(a) A classical beam of particles scatters off a spherically symmetric potential $V(r)$. Draw a diagram to illustrate the differential cross-section $d \sigma / d \Omega$, and use this to derive an expression for $d \sigma / d \Omega$ in terms of the impact parameter $b$ and the scattering angle $\theta$.

A quantum beam of particles of mass $m$ and momentum $p=\hbar k$ is incident along the $z$-axis and scatters off a spherically symmetric potential $V(r)$. Write down the asymptotic form of the wavefunction $\psi$ in terms of the scattering amplitude $f(\theta)$. By considering the probability current $\mathbf{J}=-i(\hbar / 2 m)\left(\psi^{\star} \nabla \psi-\left(\nabla \psi^{\star}\right) \psi\right)$, derive an expression for the differential cross-section $d \sigma / d \Omega$ in terms of $f(\theta)$.

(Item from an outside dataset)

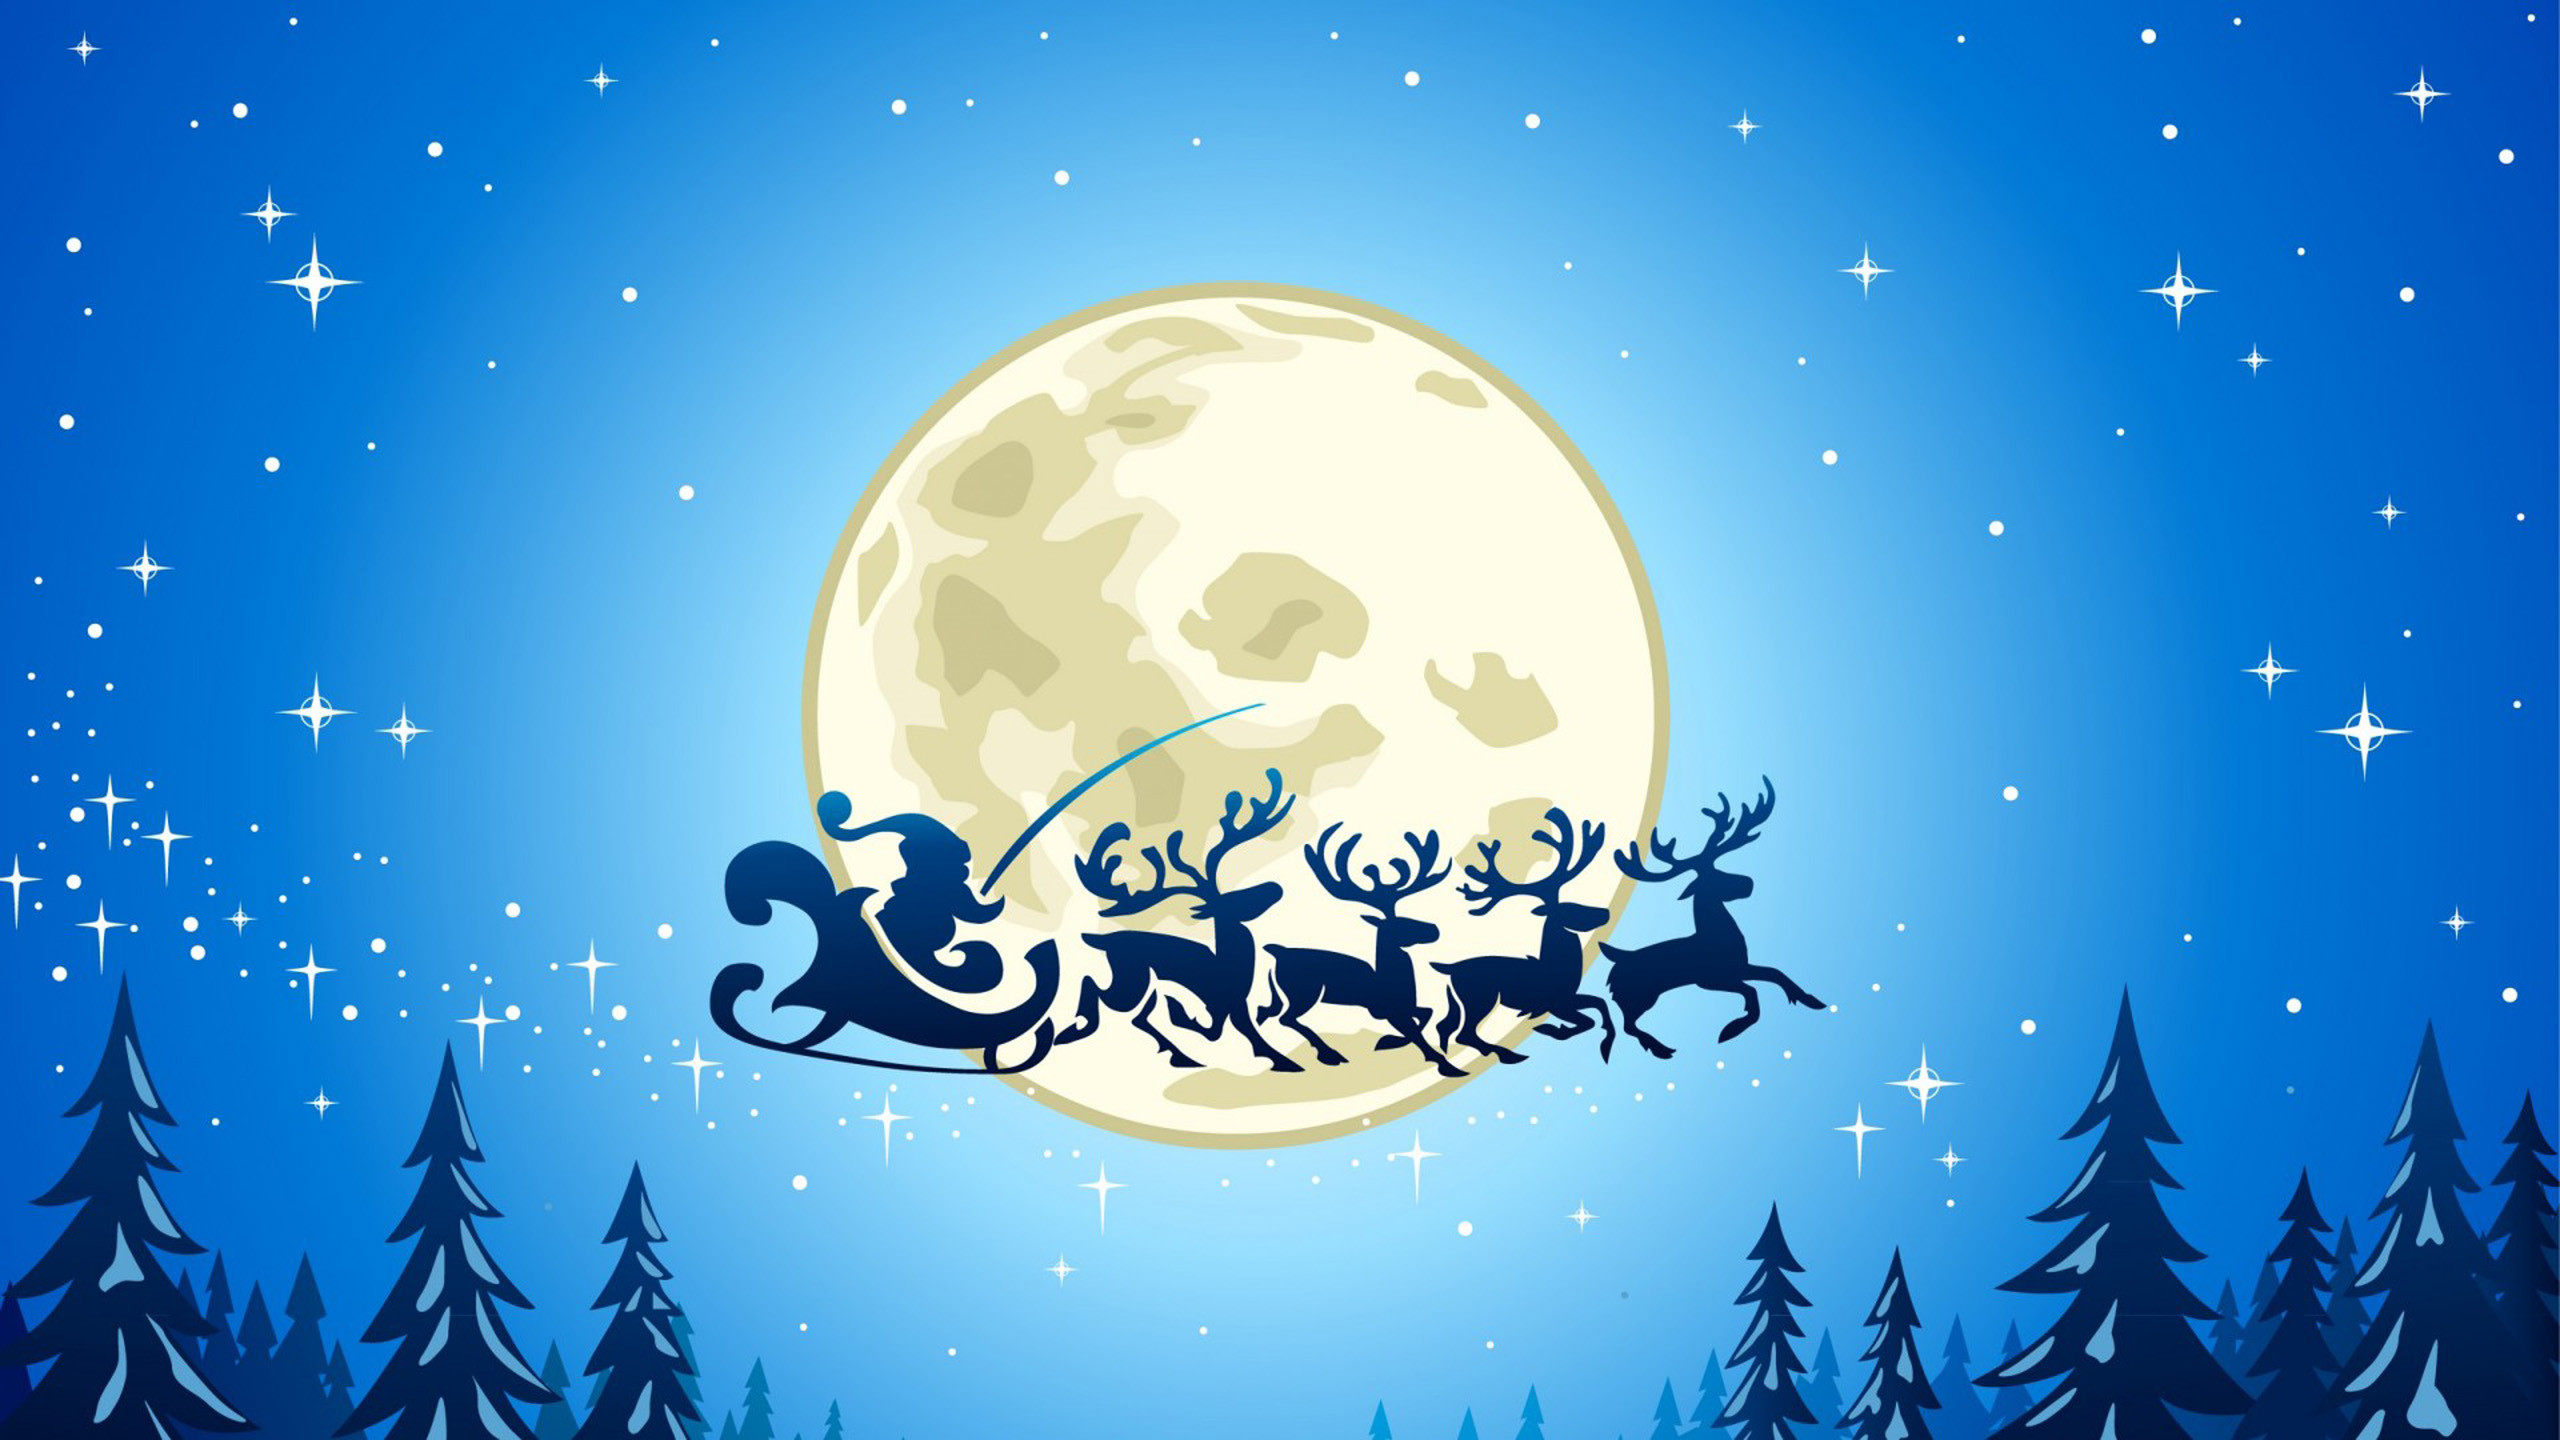 christmas theme wallpaper,sky,christmas eve,illustration,moon,tree
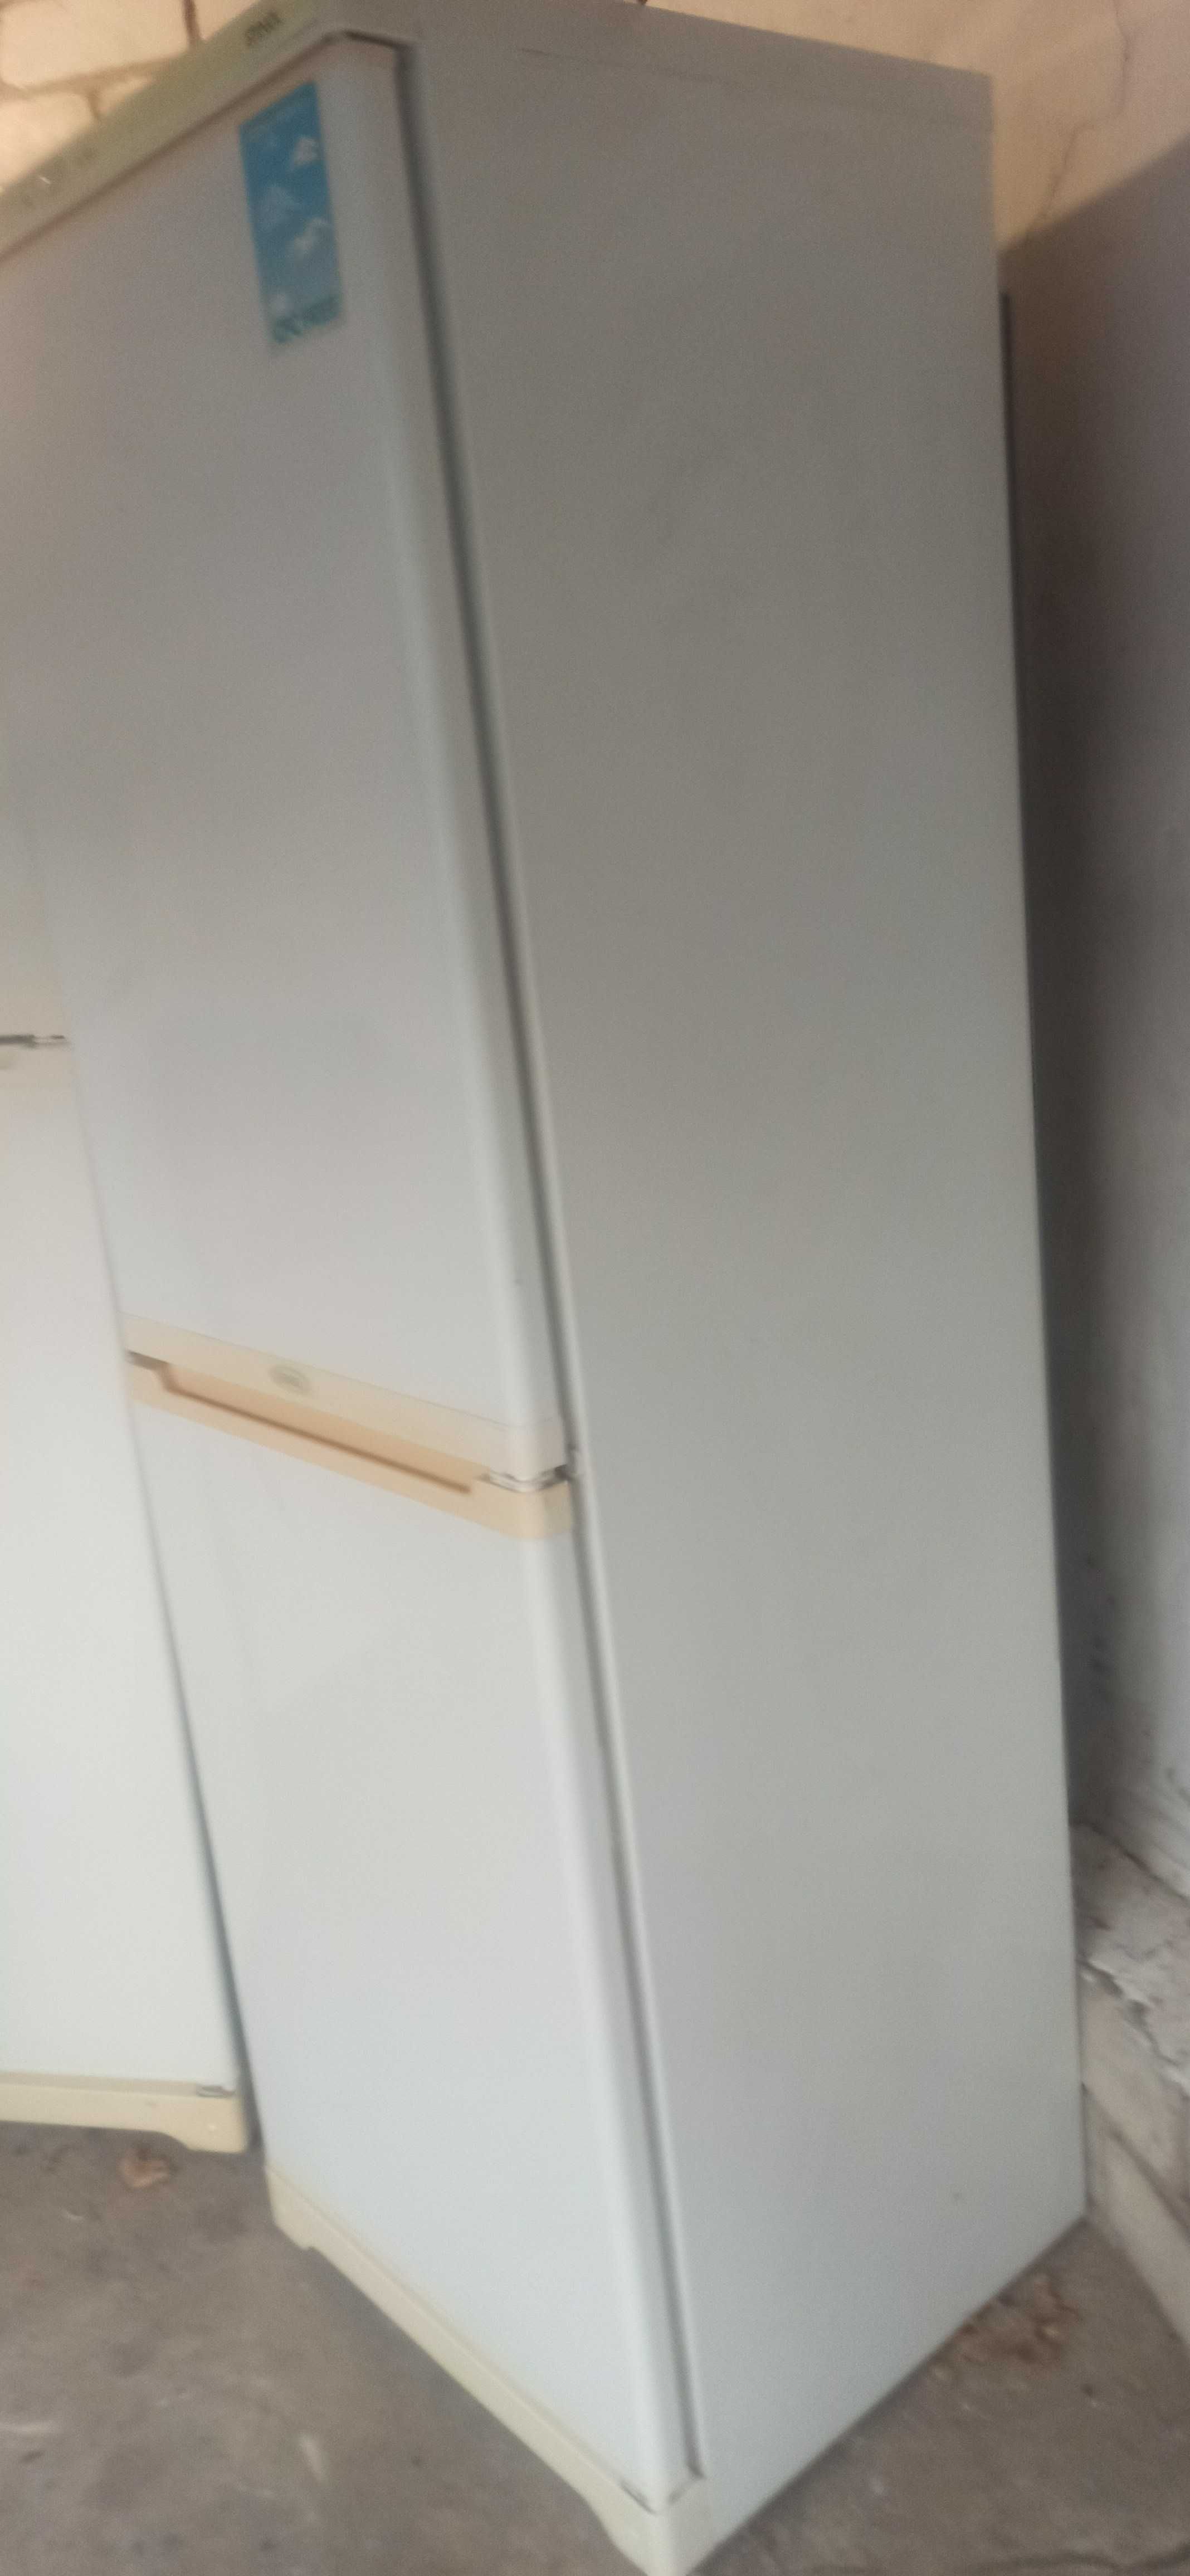 Двухкомпрессорный холодильник Стинол 184 см в хорошем состоянии

(b) The solution $\psi(\mathbf{r})$ of the radial Schrödinger equation for a particle of mass $m$ and wave number $k$ moving in a spherically symmetric potential $V(r)$ has the asymptotic form

$$\psi(\mathbf{r}) \sim \sum_{l=0}^{\infty}\left[A_{l}(k) \frac{\sin \left(k r-\frac{l \pi}{2}\right)}{k r}-B_{l}(k) \frac{\cos \left(k r-\frac{l \pi}{2}\right)}{k r}\right] P_{l}(\cos \theta)$$

valid for $k r \gg 1$, where $A_{l}(k)$ and $B_{l}(k)$ are constants and $P_{l}$ denotes the $l$ th Legendre polynomial. Define the S-matrix element $S_{l}$ and the corresponding phase shift $\delta_{l}$ for the partial wave of angular momentum $l$, in terms of $A_{l}(k)$ and $B_{l}(k)$. Define also the scattering length $a_{s}$ for the potential $V$.

Outside some core region, $r>r_{0}$, the Schrödinger equation for some such potential is solved by the s-wave (i.e. $l=0$ ) wavefunction $\psi(\mathbf{r})=\psi(r)$ with,

$$\psi(r)=\frac{e^{-i k r}}{r}+\frac{k+i \lambda \tanh (\lambda r)}{k-i \lambda} \frac{e^{i k r}}{r}$$

where $\lambda>0$ is a constant. Extract the S-matrix element $S_{0}$, the phase shift $\delta_{0}$ and the scattering length $a_{s}$. Deduce that the potential $V(r)$ has a bound state of zero angular momentum and compute its energy. Give the form of the (un-normalised) bound state wavefunction in the region $r>r_{0}$.